Example: A command that always formats code the same way, or always runs the same test suite.

# format-code.md
Run prettier on all TypeScript files in src/

Trade-offs:

Pros: Simplest to write and understand. No state to manage.
Cons: Inflexible. Requires creating new commands for variations.

Level 2: Parameterized

What defines it: Uses $ARGUMENTS or other variables to accept input at runtime.

When to use it: When you need the same logic with different inputs. The behavior is consistent but the data varies.
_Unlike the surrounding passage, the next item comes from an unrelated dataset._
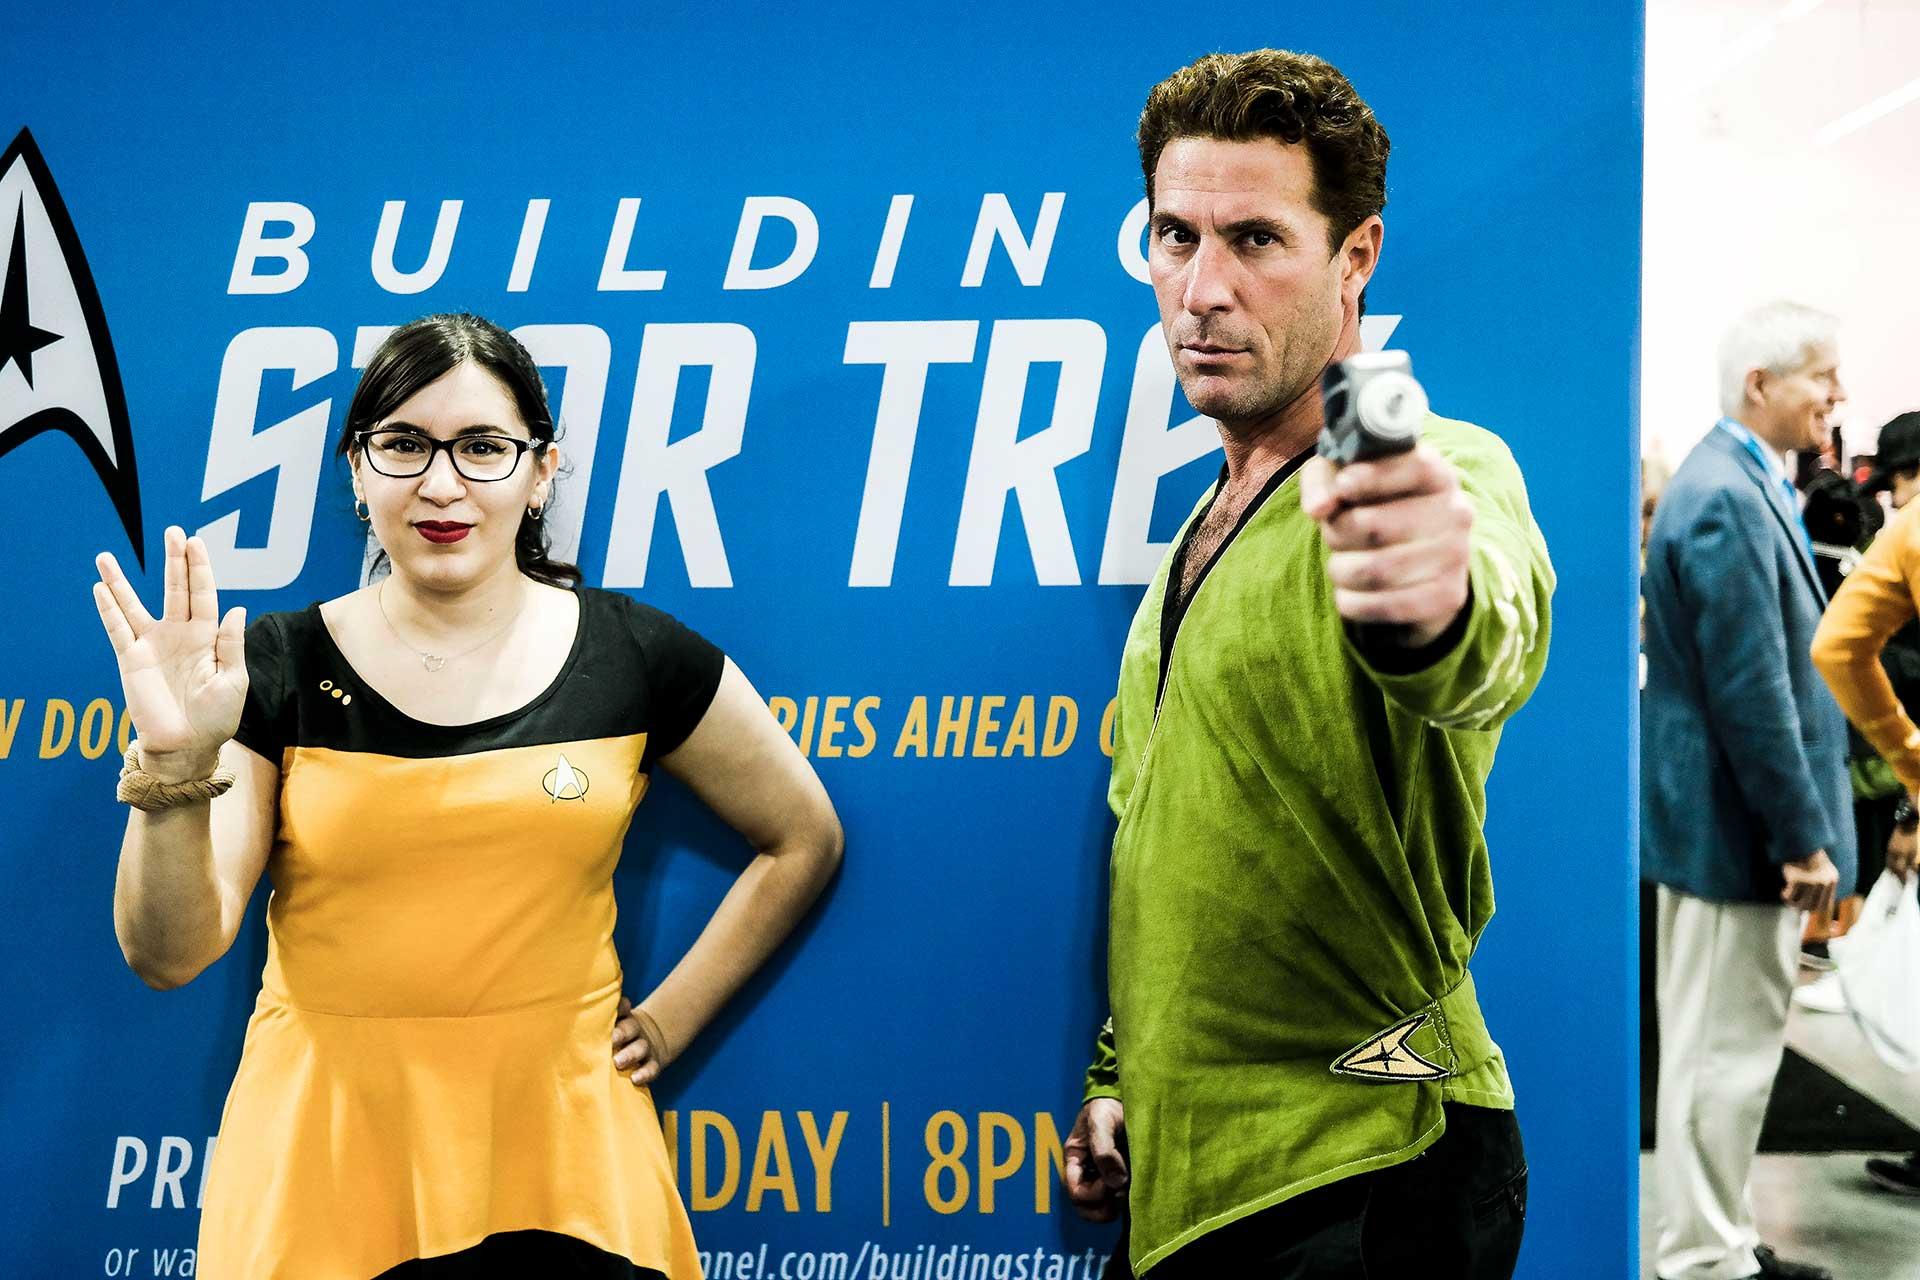 Start Trek costumes
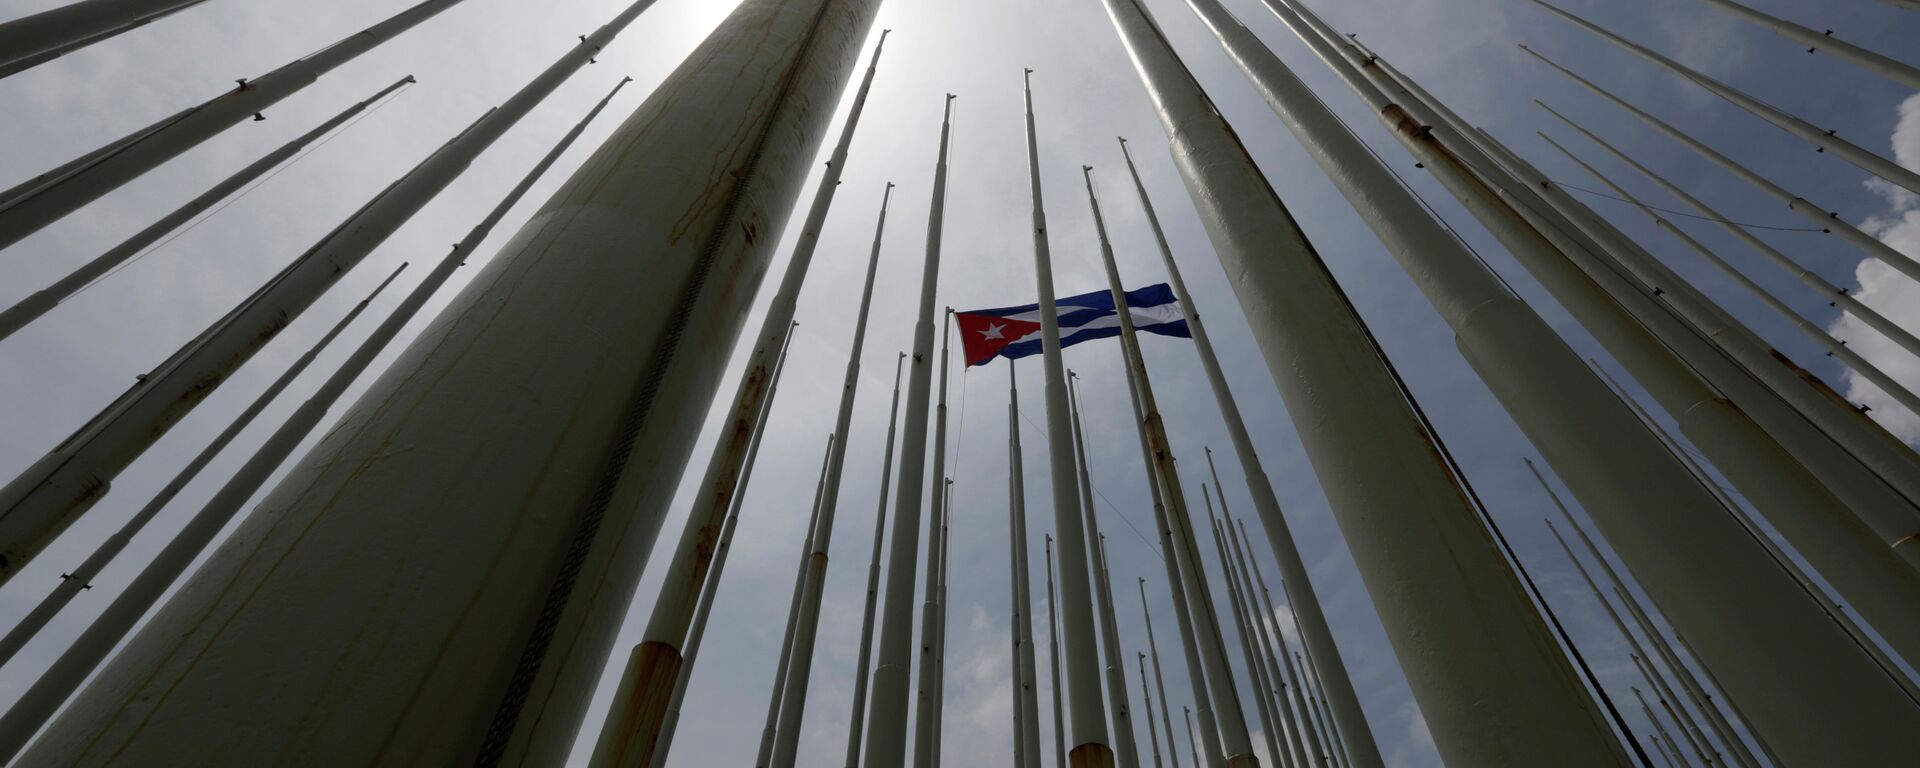 Bandera de Cuba frente de la embajada de EEUU en La Habana - Sputnik Mundo, 1920, 09.06.2021

Example: From the knowledge base examples, commands that take a file path or topic as input.

# review-file.md
Review the file at $ARGUMENTS for clarity and completeness.

Trade-offs:

Pros: Reusable across different inputs. Still straightforward logic.
Cons: Limited to simple substitution. No branching behavior.

Level 3: Conditional

What defines it: Contains if/else logic or branching based on input characteristics.

When to use it: When the same command needs to behave differently depending on what it receives.

Example: A command that processes markdown differently than code files, or handles different file types.

# analyze.md
If $ARGUMENTS contains .ts or .js:
  - Check for type safety issues
Else if $ARGUMENTS contains .md:
  - Check for broken links
Else:
  - Provide general analysis

Trade-offs:

Pros: One command handles multiple scenarios. More intelligent.
Cons: Logic can become complex. Harder to predict behavior.

Level 4: Contextual

What defines it: Reads external files or project state before acting. Uses context to inform decisions.

When to use it: When the prompt needs to understand the broader environment. Common with project-aware commands.

Example: The /tools:prime command that gathers project context, or commands that read CLAUDE.md before working.

# contextualized-review.md
1. Read CLAUDE.md to understand project conventions
2. Read the file at $ARGUMENTS
3. Review against project standards
4. Suggest improvements that fit the codebase

Trade-offs:

Pros: Decisions informed by actual project state. More intelligent.
Cons: Slower due to file reads. Can fail if context is missing.

Level 5: Higher Order

What defines it: Invokes other commands as subroutines. Orchestrates multiple operations.

When to use it: For workflows that combine several distinct steps, or meta-commands that coordinate other commands.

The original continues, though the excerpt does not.